Next, it would be interesting to explore a certain feature more
closely to figure out more specifically how each genre differs. For this
we will be looking at speechiness.
spotify_songs %>%
ggplot(aes(x = playlist_genre, y = speechiness, fill = playlist_genre)) +
geom_boxplot() +
labs(title = "Boxplot of Speechiness by Genre", x = "Genre", y = "Speechiness") +
scale_fill_colorblind() +
scale_y_log10() +
theme_clean()
From the graph, it can be clearly seen that most rap
tracks have a significantly higher speechiness level. In
fact, the median speechiness for rap is higher
compared to the 75th quantile for speechiness of any other
genre. Therefore we can conclude that speechiness is
definitely an informative predictor variable when it comes to predicting
a song to be of the rap genre. Similar analysis can be done for other
feature variables in order to select the most informative features as
input to a classifier algorithm like Decision Trees, Naive Bayes and
SVM.
This question explores the relationship between the number of songs produced and the season the songs are released in per genre. Thus, the parts of the dataset necessary are the playlist genre and track album release date. From the track album release date, we extracted the month and year, to group into seasons e.g. all track albums released from March to May in all years are grouped under the season “Spring”; June to August under “Summer”; September to November under “Autumn”; and December to February under “Winter”. We are interested in this question due to the conjecture that certain genres are associated with certain moods and festivals, thus will be more profitable/popular during certain seasons. For instance, winter could be a more melancholic season due to Christmas, thus more slow and moody songs. Therefore, there is an increase/decrease in release of each genre, depending of the different season(s).
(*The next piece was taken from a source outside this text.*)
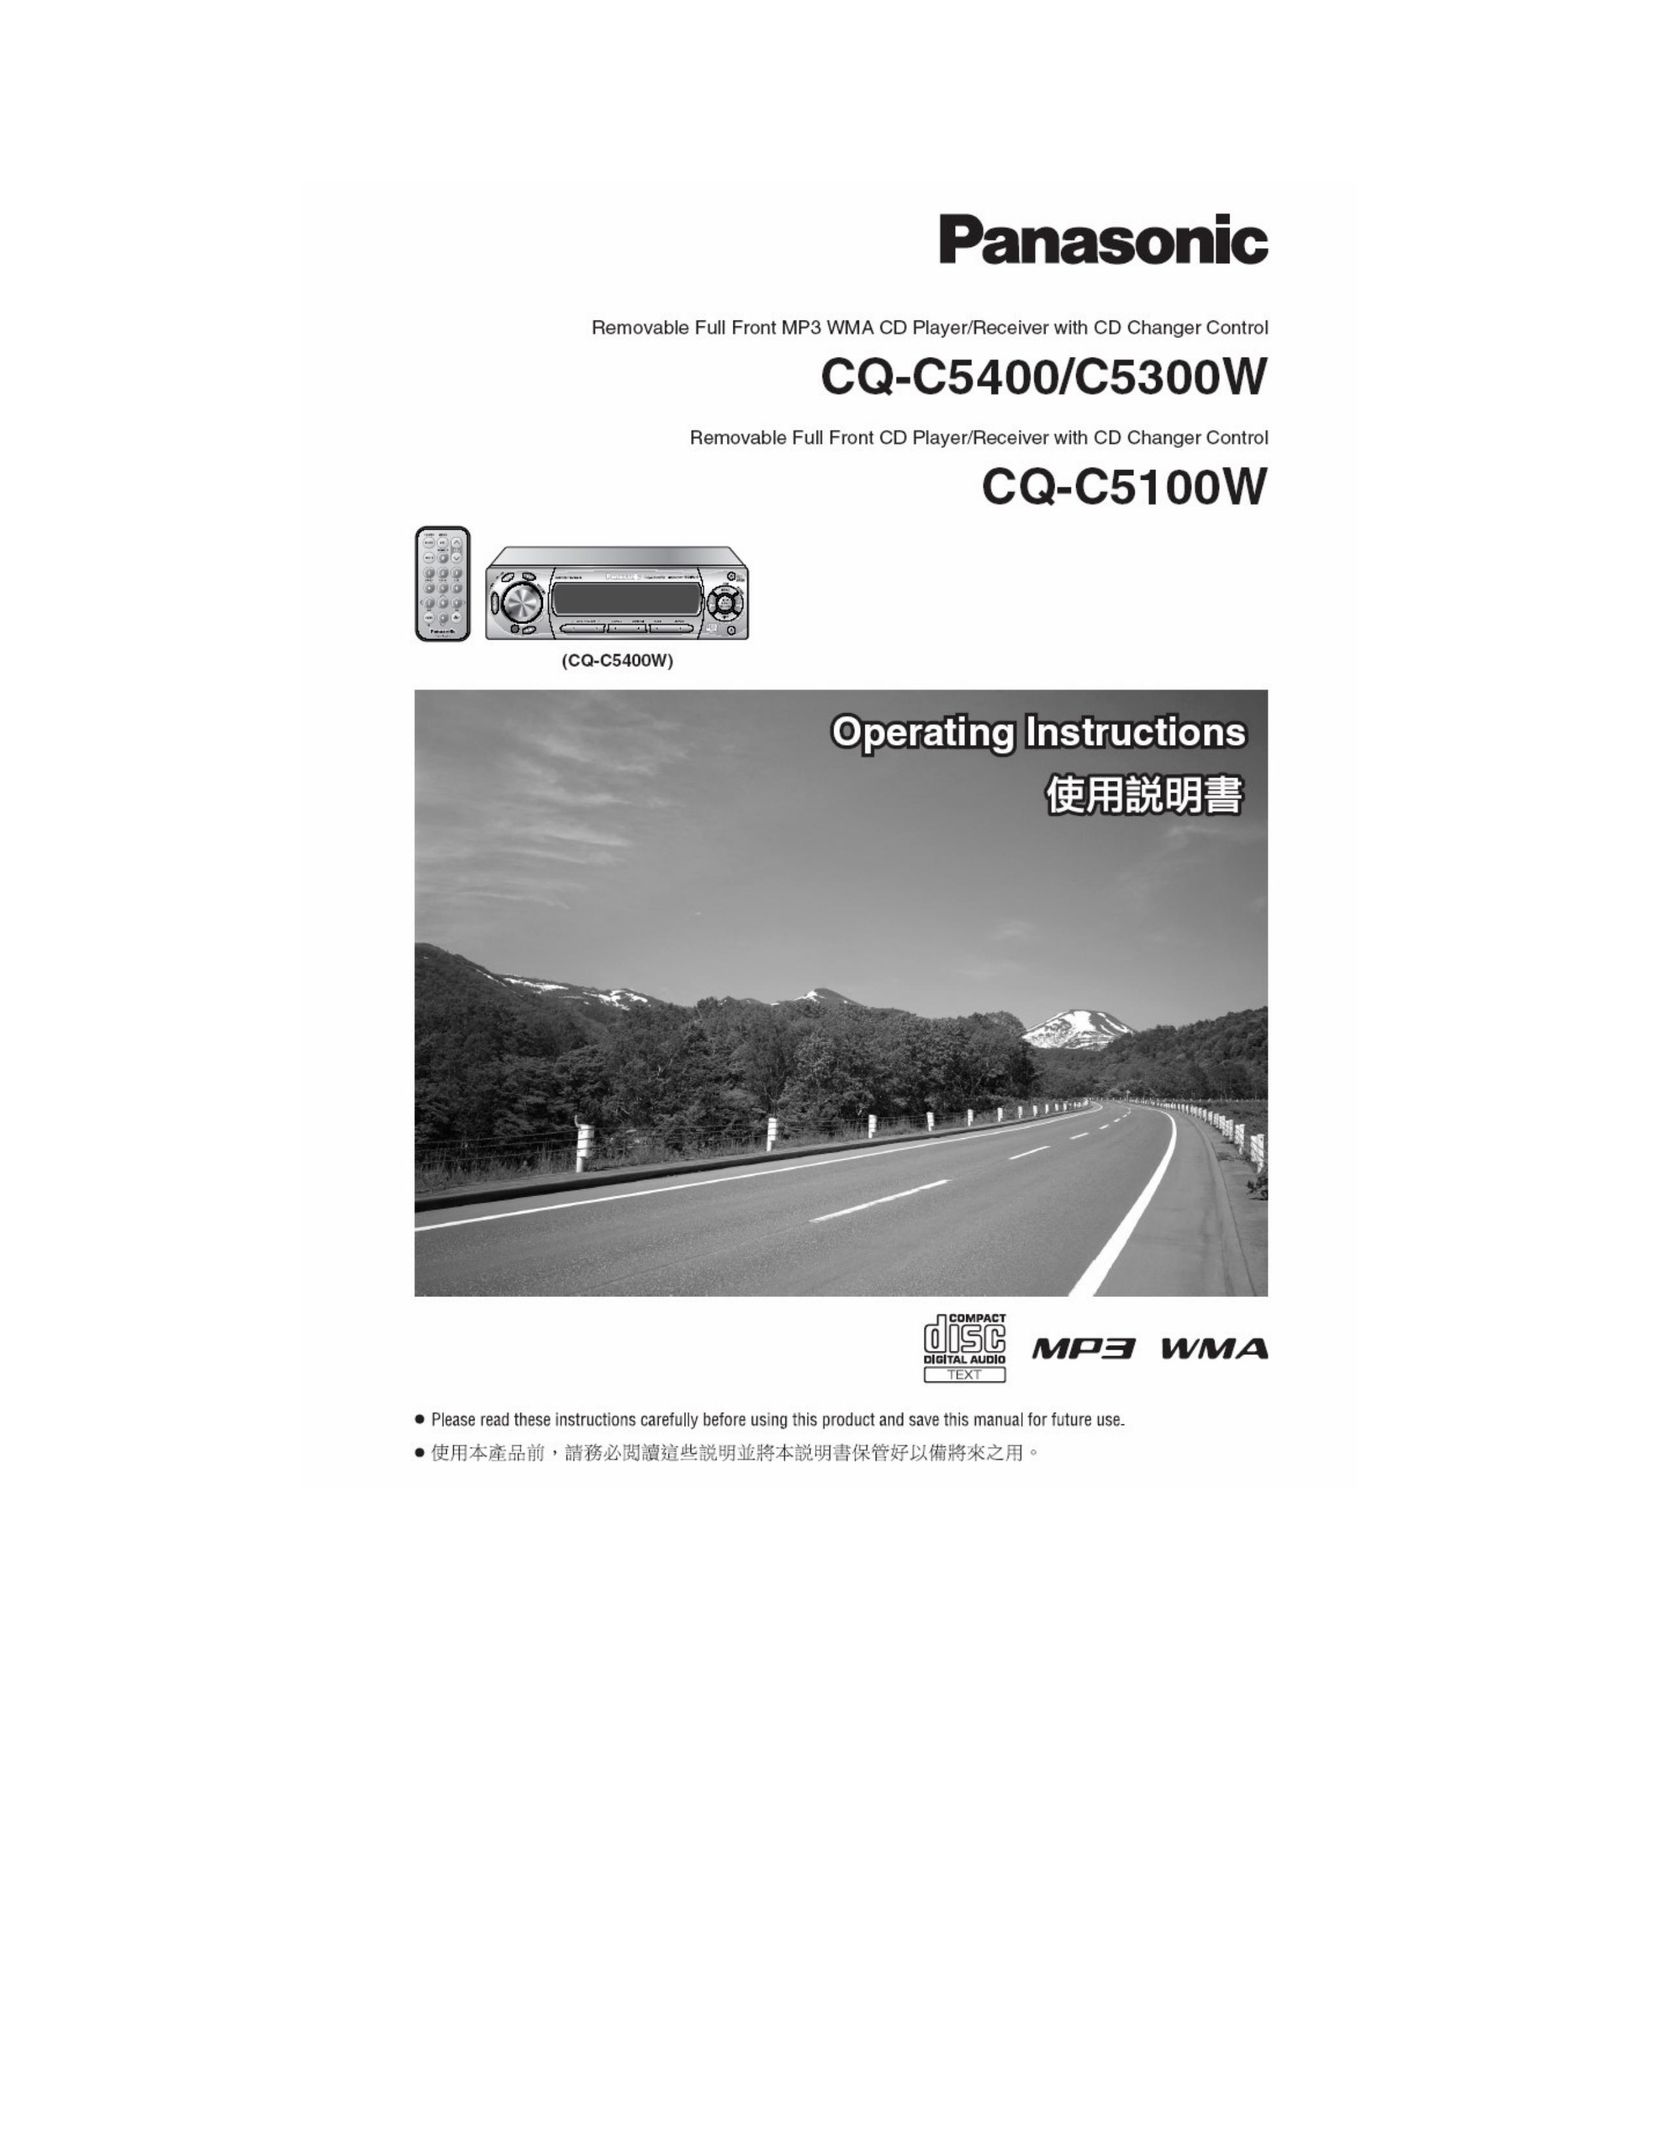 Panasonic CQ-C5400 Portable CD Player User Manual

Plot 1: The first plot is a line chart which shows how the number of songs released varies over the four seasons, with each line representing a different genre of music. Each point on the graph represents a summation of the total number of songs released in each season across all the years, whihc was further grouped by its genre based on the different lines.
In addition, we have also used colour blind colours to ensure that the graph is easily interpretable by all readers.
Plot 2: The second plot is a faceted donut chart which features the distribution of the different genres of songs over the 4 seasons. This second plot is meant to supplement the previous plot where it conveys more accurately the breakdown of songs released in each season.
spotify2=spotify_songs %>%
select(-c(("track_id"),("track_album_id"),("playlist_name"),("playlist_id"),("duration_ms")))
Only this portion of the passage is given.